Speculative Decoding -- EAGLE Proposer

The EAGLE proposer uses target model hidden states to predict draft tokens via a lightweight head.

vllm/v1/spec_decode/eagle.pyGitHub
class SpecDecodeBaseProposer:
    def _greedy_sample(self, hidden_states):
        """Greedy-sample draft tokens from hidden states."""
        if self.use_local_argmax_reduction:
            return self.model.get_top_tokens(
                hidden_states
            )
        return self.model.compute_logits(
            hidden_states
        ).argmax(dim=-1)

    def propose(self, target_token_ids,
               target_hidden_states, ...):
        # First pass: run draft model
        self.set_inputs_first_pass(...)
        hidden = self.model.forward(
            self.draft_token_ids, ...
        )
        draft_tokens = self._greedy_sample(hidden)

        # Iteratively generate remaining tokens
        for i in range(1, self.num_speculative_tokens):
            self.set_inputs_subsequent_pass(
                draft_tokens, i
            )
            hidden = self.model.forward(...)
            draft_tokens = self._greedy_sample(hidden)

Engine Core -- Main Loop

The step() method orchestrates one iteration: schedule, execute, sample, update.

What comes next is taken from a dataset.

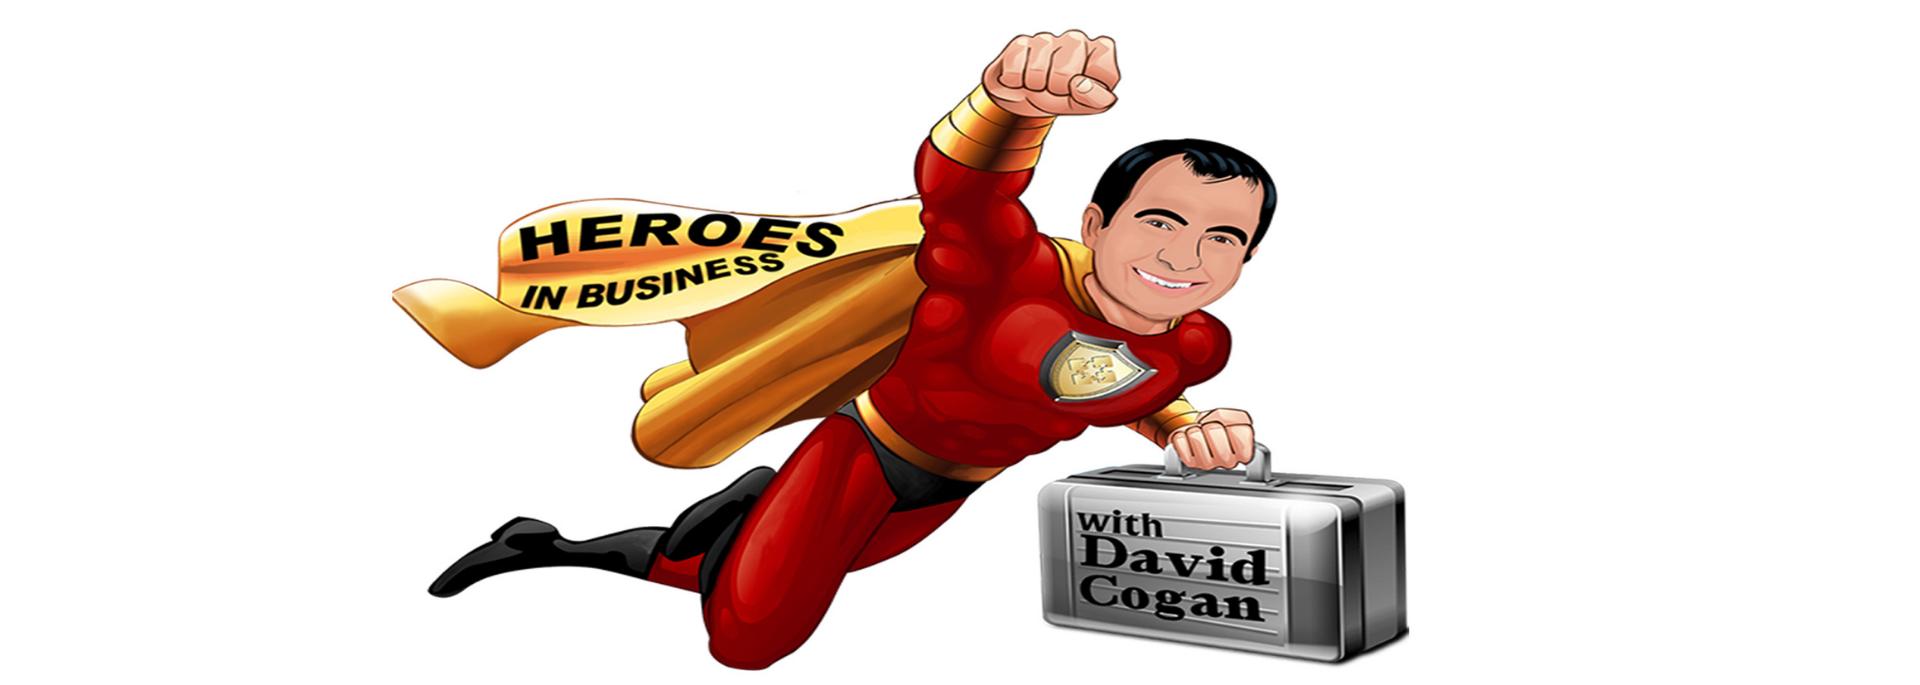 Eliances Heroes in Business channel

vllm/v1/engine/core.pyGitHub
def step(self) -> EngineCoreOutputs:
    """Execute one iteration of the engine loop."""
    if not self.scheduler.has_requests():
        return EngineCoreOutputs.empty()

    scheduler_output = self.scheduler.schedule()
    executor_future = self.model_executor.execute_model(
        scheduler_output, non_block=True
    )
    grammar_bitmask = (
        self.scheduler.get_grammar_bitmask()
    )

    model_output = executor_future.result()
    self._process_aborts_queue()
    outputs = self.scheduler.update_from_output(
        model_output
    )
    return outputs
🔧
Production tip: Monitor gpu_cache_usage_perc at the /metrics endpoint. When it consistently hits 100%, reduce --max-model-len or add GPU capacity. The vLLM Production Stack provides Helm charts with built-in Prometheus integration.